On this Creditanstalt Day, the battle over the Euro has been joined! The Euro was getting crushed in after-hours trading last night, pushed down towards $1.26. The shorts are wolfpacking it. This morning central banks rushed in to intervene, and the Euro bounced off $1.261 to run above $1.27, but has fallen off again. It remains well below the “we’re saved!” peak of this weekend, at $1.31. If the ECB cannot withstand this assault, the Euro-TARP bailout is doomed.
The intervention caused a 20-pt reversal flip in the S&P futures, which had been falling towards 1140.

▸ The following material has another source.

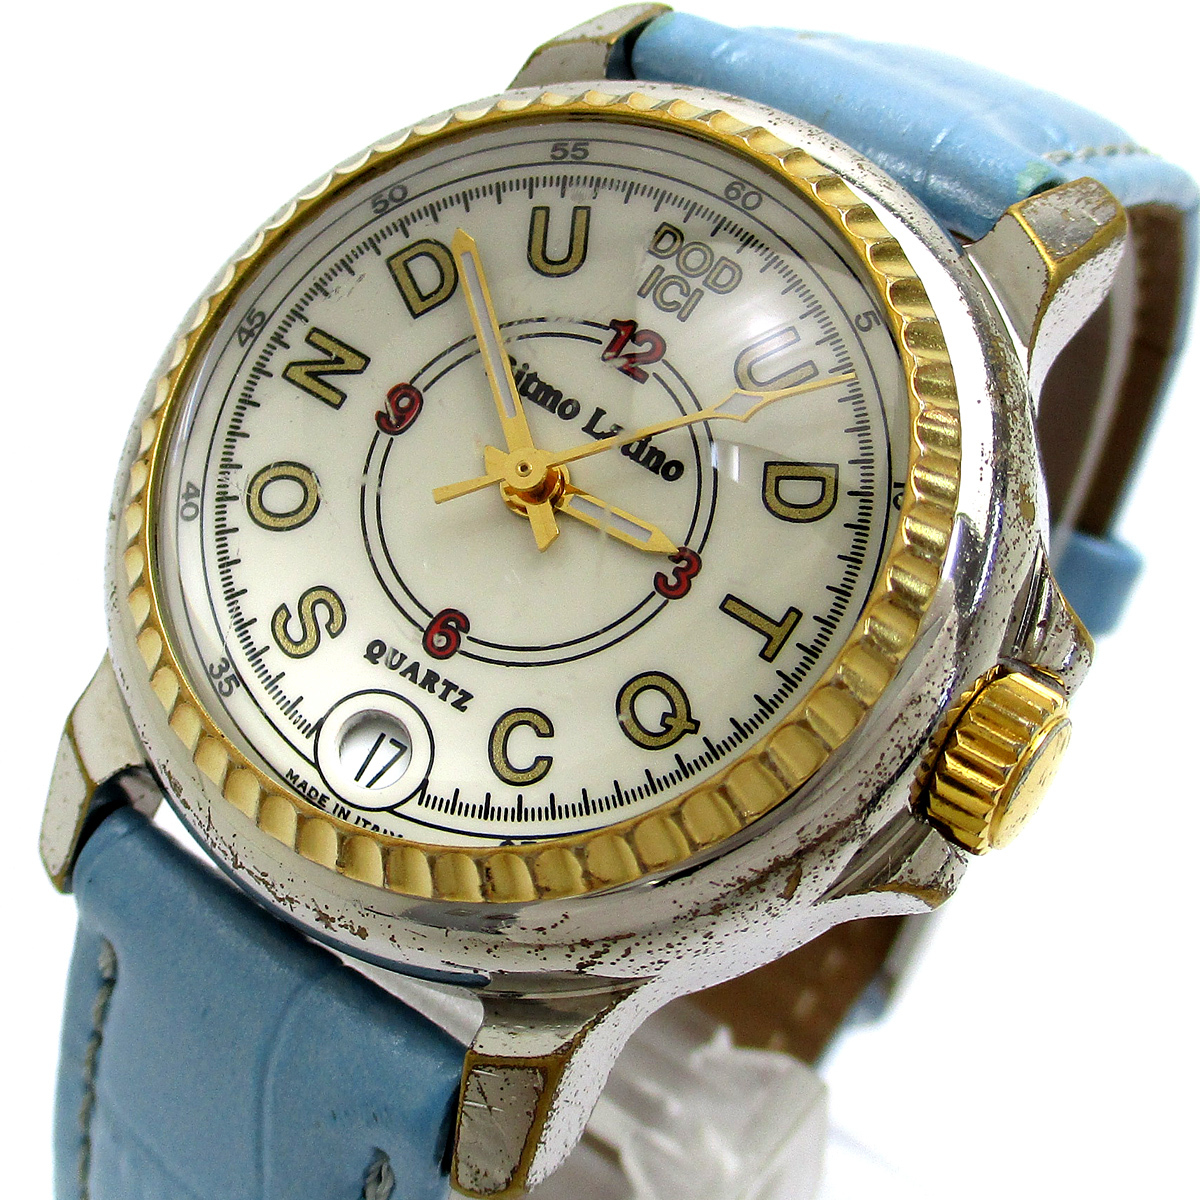  Ritmo Latino часы do-tichi унисекс белый циферблат наручные часы кварц Ritmo LatinodotichiDODICI мужской женский 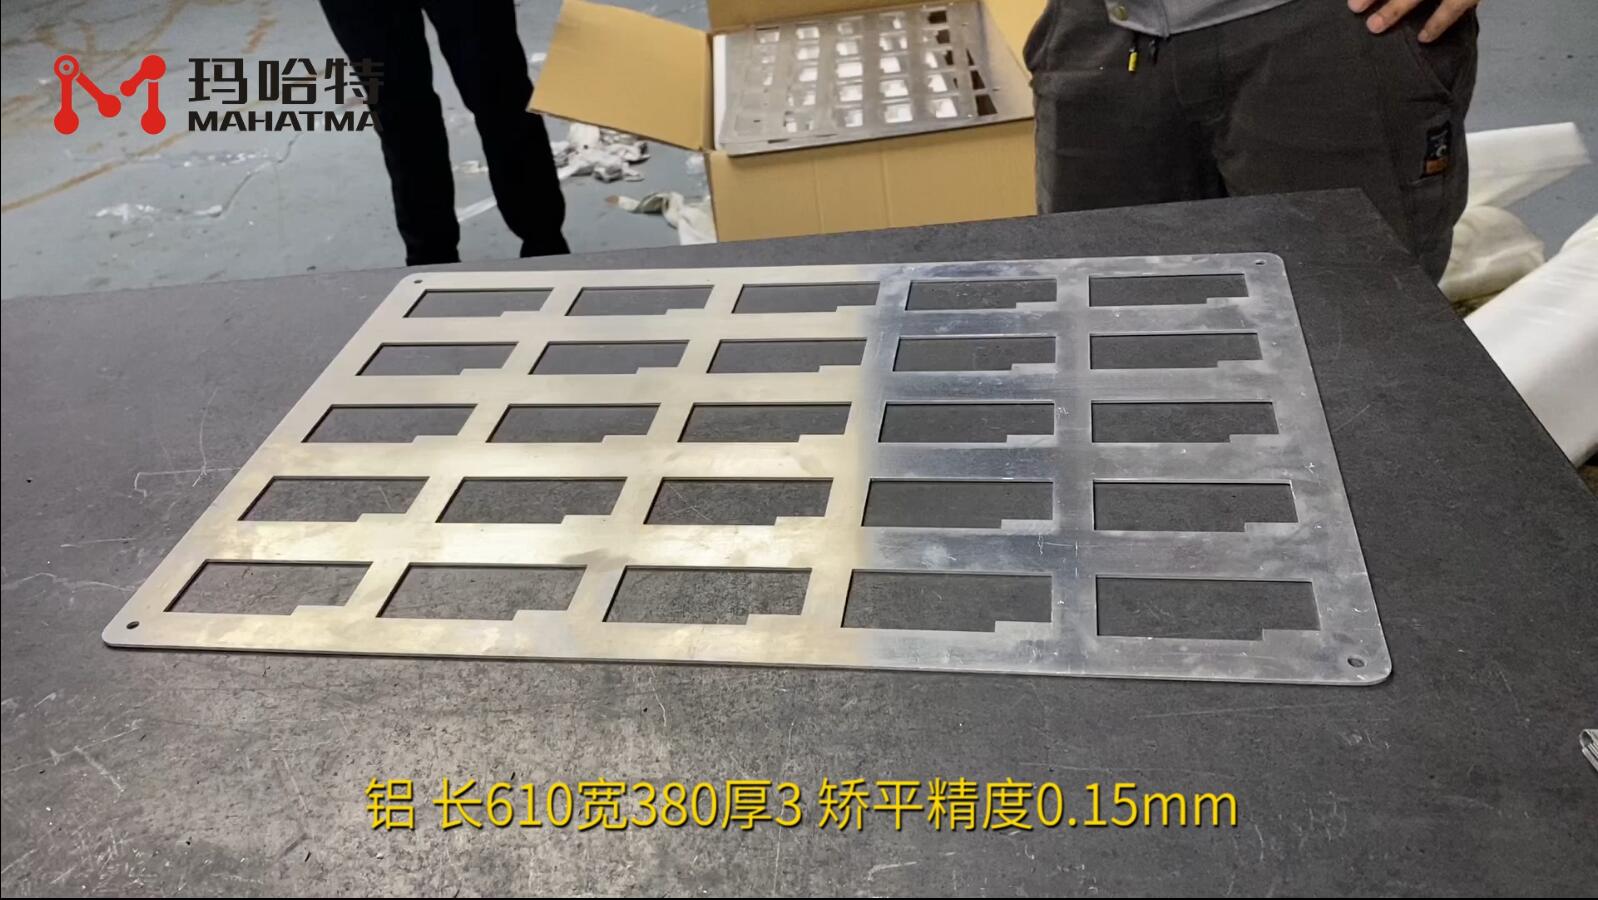 铝 MHT50-1300 长方形  长610宽380厚3 矫平精度0.15mm

Curiously, the biggest expected losers, the French and German banks with excessive exposure to the PIIGS, might be able to make some it back by being wolves themselves – hedging in Forex markets by shorting the Euro. This is a partial win-win in a lose-lose situation:
- If the Euro breaks, they win on Forex
- If the ECB protects, they win on the bailout
What the wolves see is simple logic: the PIIGS are insolvent. Their income cannot cover their current debt. Piling more debt on top only prolongs the problem. The Euro-TARP tries to lower borrowing rates, but if the assault on the Euro drives rates up, the ECB is left with QE to self-finance the debt, which it wants to avoid. Hence something will break.
Right now the spreads are widening for LIBOR vs. overnight index swaps (OIS), as they did in 2007, when they ran from 13 bp to 73 bp, and then “the rout was on.” Last week the spread jumped from 9 to 18 bp, and since the Euro-TARP was announced, have widened to 20 bp. Bondsquawk also notes that 2-yr rate swaps have also widened. The TED spread (Treasuries vs Eurodollars, now called LIBOR) for 3-monthers is back to levels of 3Q09.
John Taylor (Stanford Prof and originator of the Taylor Rule for Fed interest rates) writes today in the FT that what may ultimately break is confidence in the ECB, and with it confidence in central banks.